Thursday, February 7, 2013
Kim McRae doesn’t remember exactly what she bought with a credit card in the early 2000s. It was probably Christmas gifts for her grandchildren, and groceries at Nob Hill and Trader Joe’s, the 78-year-old surmises.
McRae says she tried to work out a payment plan for the $6,185 she owed but didn’t have. “I said I would pay back monthly as I could, and they just simply laughed their heads off,” she says.
In 2006, years after she cut up the HSBC card, she got sued by Midland Funding, a company McRae had never heard of. “I never really knew who was trying to collect the money from me,” she says. “I just tried to ignore it. I got caller ID. But their number was always blocked out, and since my daughter’s number is also blocked out, that didn’t help anything.”
It was about that time that McRae, who rents a home in Pacific Grove and lives on a fixed income of under $25,000 a year, was prescribed blood-pressure medication.
She ignored a summons to appear in Monterey County Superior Court, and three months after Midland filed suit, the company won a default judgment against her.
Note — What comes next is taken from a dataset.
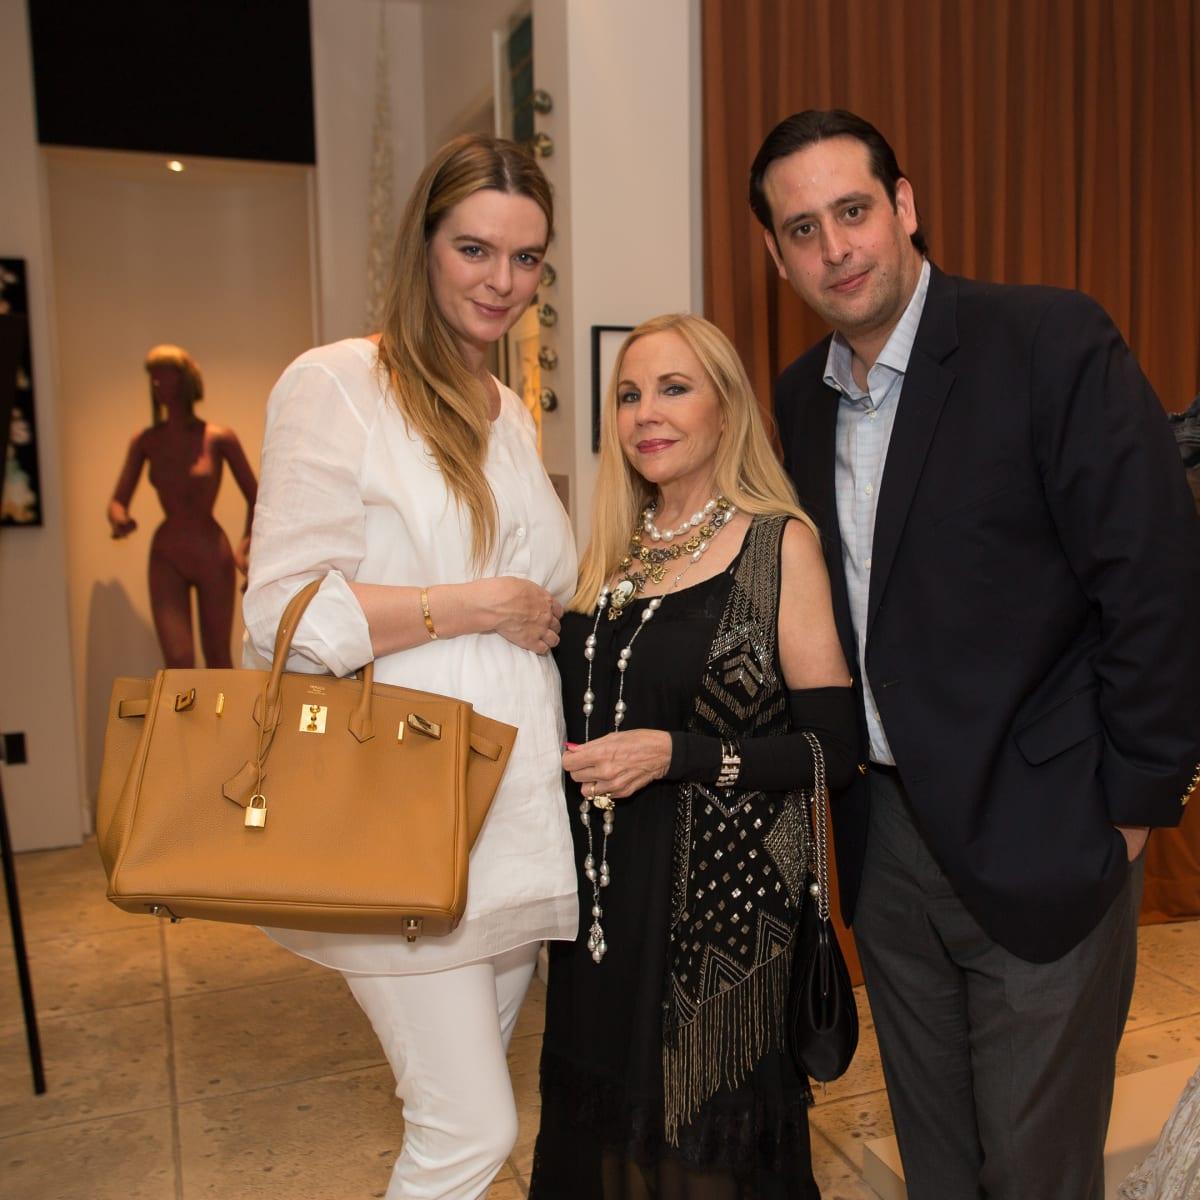 News, Shelby, Fine Art Fair Kick-off, Sept. 2015, Eloise Bauer, Carolyn Farb, Luis Bauer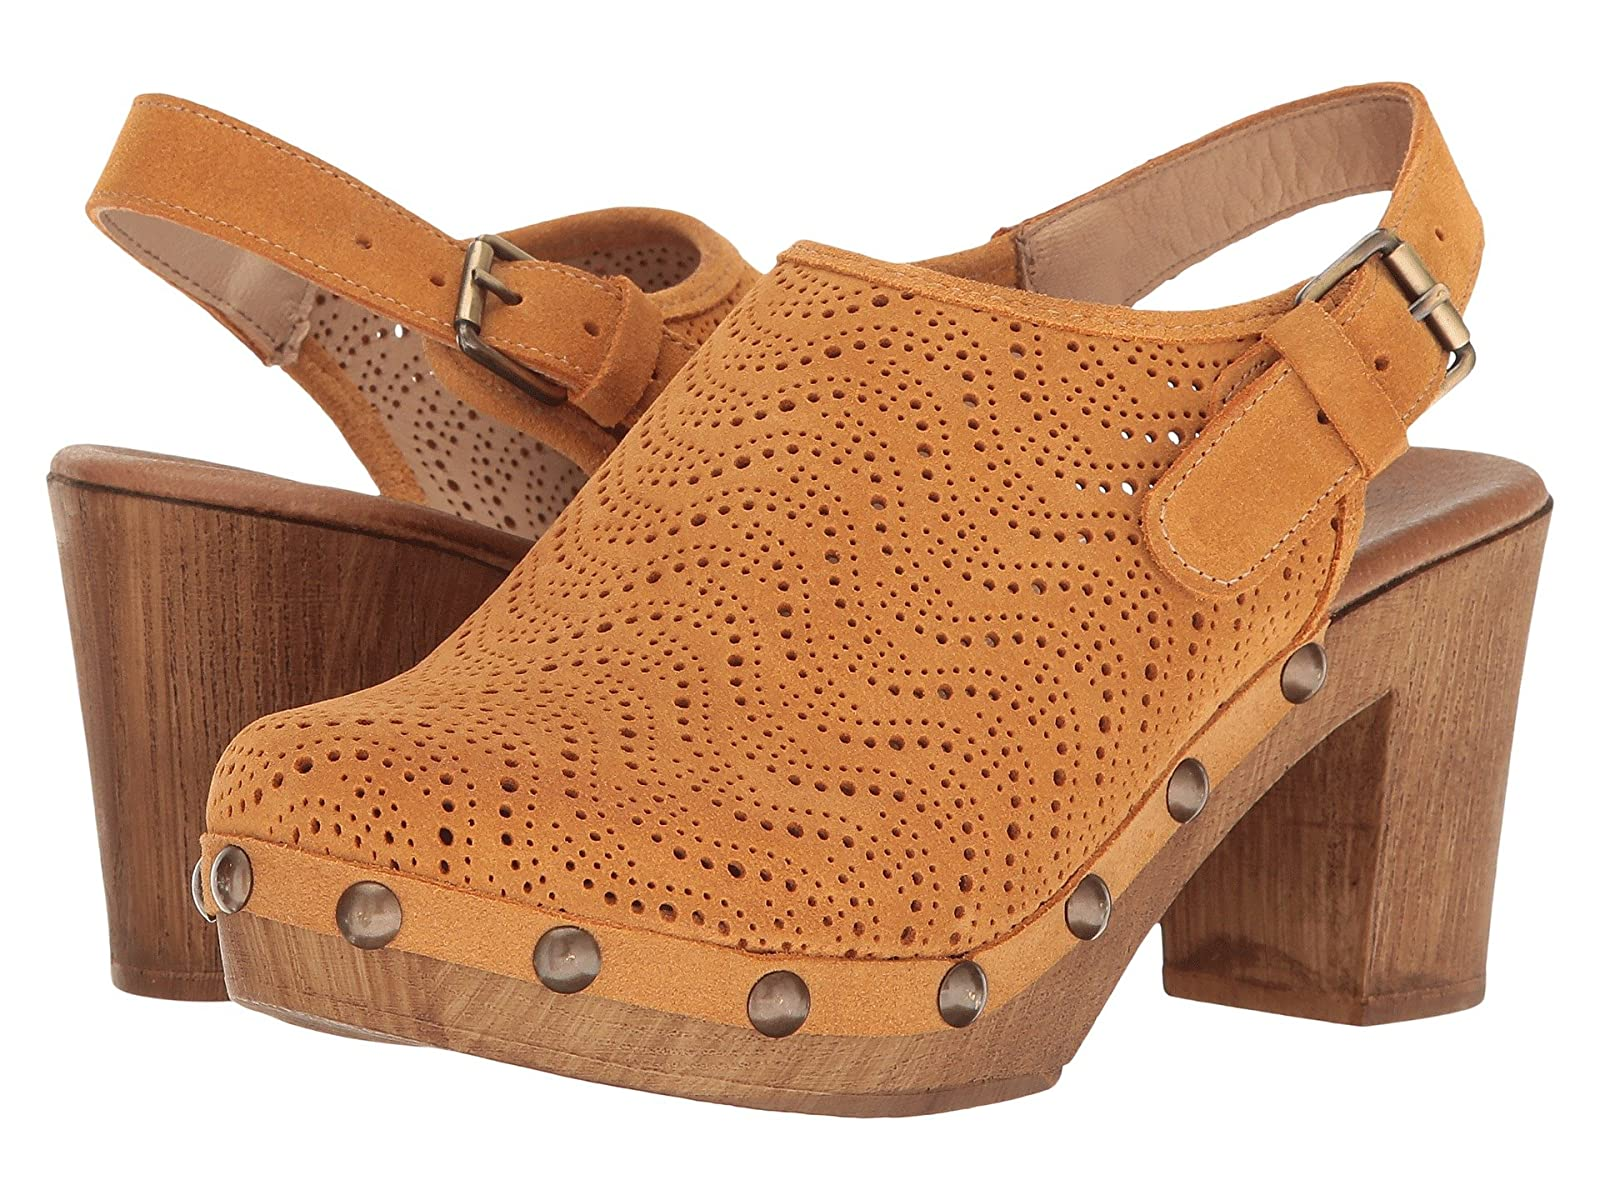 Eric Michael JuliaCheap and distinctive eye-catching shoes

She was ordered to pay the outstanding card debt, plus almost $400 in interest, $225 in court costs and $800 in attorney fees.
That’s not uncommon for how Midland’s more than 900 lawsuits filed in Monterey County go, based on the Weekly’s review of about 50 cases filed since 2007. Midland, a San Diego-based subsidiary of Encore Capital Group, purchases consumer debt for pennies on the dollar from banks like HSBC, Chase, Bank of America and Citibank.
“Customers often ask why Midland Credit Management is servicing their debt rather than the original lender,” according to Midland’s website. “When a lender does not receive payment on an account for a specific amount of time, they may decide to close your account and turn it over to collections.”
According to a statement by Minnesota Attorney General Lori Swanson, who won a $500,000 judgment in December against Midland for robo-signing lawsuits, Midland buys debts from credit-card companies at about 3 cents per dollar. That means most of what a consumer pays Midland is profit.
Citibank and HSBC did not respond to repeated requests for comment regarding their practice of selling unpaid consumer debt. Even when sales contracts are included in court papers, the amount a debt-buyer pays is typically redacted.
Only about five in every 100 accounts reaches litigation, according to Julie Reynolds, director of corporate communications for Encore. “Litigation is a last resort for our company,” she wrote by email.
Midland is one of several active debt-buyers that’s become a “frequent filer” in Monterey County courts, with 20-some boilerplate complaints filed every month for the last six months.
“This is a high-volume and small per-case value [business],” says Salinas attorney Lyn Woodward, who’s represented Midland in the past and still does debt-collection cases. “The typical unsecured credit card is usually under $20,000.”
That means debt-collection by Midland and its competitors, including Asset Acceptance and CACH (a subsidiary of Denver-based Square Two Financial), are unlikely to drag consumers into bankruptcy, even though they’re common creditors on Chapter 7 cases.
But in a Feb. 5 hearing, a general contractor told Monterey County Superior Court Judge Kay Kingsley his outstanding credit-card debt might force him to file bankruptcy.
“Have you considered bankruptcy?” Kingsley asked Dennis Palma, who’s unemployed and hadn’t been able to pay off a business debt after his business crashed in 2008.
“For $50,000 I didn’t think I needed to,” Palma said, “but I might have to.”
After the hearing, Elliott Sanford, representing Asset Acceptance, approached Palma in the hallway and extended a handshake. “Good morning, Mr. Palma,” he said. “We didn’t expect you to be here today.”
That’s typical for the junk-debt industry, according to a 2012 paper in Clearinghouse Review. “They are filing these lawsuits based on two historically accurate assumptions,” University of Maryland law professor Peter Holland writes. “(1) The vast majority of consumers will not show up, and (2) a majority of judges will award a default judgment.”
Less than 1 percent of defendants in collections cases are represented by an attorney, Holland found.
Since small claims court is reserved for non-attorney cases, these corporate cases go directly to civil court. That leaves people like Palma, who wore jeans and walked with a limp, facing off against trained attorneys in suits and ties.
“It’s scary,” says Kellie Morgantini, director of local nonprofit Legal Services for Seniors. “Especially for a client who has this debt that may be 10 years old. You would’ve had to keep track of your statements for 10 years, and you don’t know what this is about.”